New George Saunders stories

The most effective stories in ‘Tenth of December’ are the simplest: here’s our review

“There is nothing that can happen to a person that is banal,” Saunders said in a recent interview. This idea is at the heart of his sparkling new collection of short stories. While mischievously poking at his characters’ deficits—the vanity of a privileged girl, the disarray of a family’s home (“a spare tire on the dining room table”)—he pulls out a grander commonality among them that, in real life, is often overlooked: our need to do the right thing.

Several stories employ multiple perspectives, a device that works best in “Puppy.” To one another, one mother appears uppity and the second abusive—misconceptions rooted in the best of intentions.
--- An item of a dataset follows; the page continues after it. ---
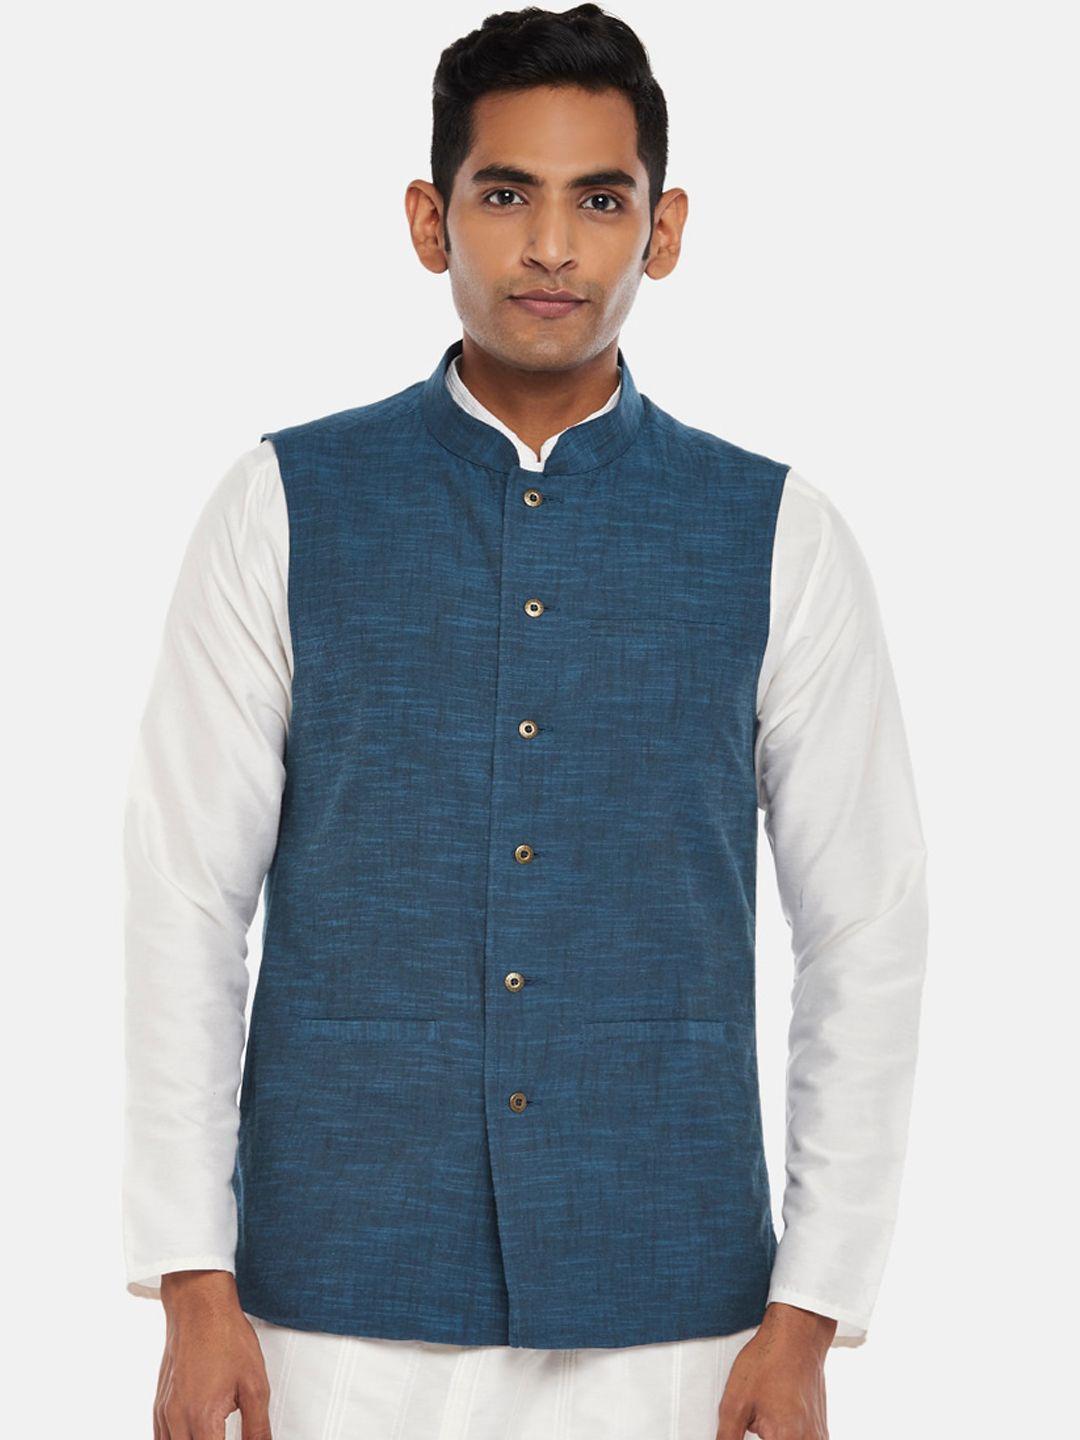 indus route by pantaloons men navy blue solid woven waistcoat

If they could see what the reader is privy to, they would find a kindred spirit—instead, their exchange threatens to devastate the less-advantaged woman. Saunders showcases his talent for satire in “Escape from Spiderhead,” the story of a prisoner injected with drugs that manufacture eloquence, lust, even true love. “Sticks” is a lovely little fable about a rigid father whose “one concession to glee” is dressing up a metal pole in the family’s yard for holidays—as Santa, Uncle Sam, a ghost. While “seeds of meanness” bloom in his children, the father yearns for forgiveness and begins to shelter and nurture the pole as a way to convey remorse and love. It is a two-page wallop that evokes the potent brevity of Isaac Babel.
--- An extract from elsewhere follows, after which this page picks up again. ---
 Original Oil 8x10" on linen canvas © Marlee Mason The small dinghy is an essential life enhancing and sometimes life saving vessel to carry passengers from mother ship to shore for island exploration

But Saunders is most effective at his simplest. “Al Roosten,” with its single point of view and spare plot, captures the wild longings, vicious rage, deep loyalty and scathing masochism roiling around the mind of a droll middle-aged salesman whose fantasies include running for mayor and beating up a homeless man. Beneath the “weak smile” he gives a passerby, there is a jungle—lush, dangerous, vital.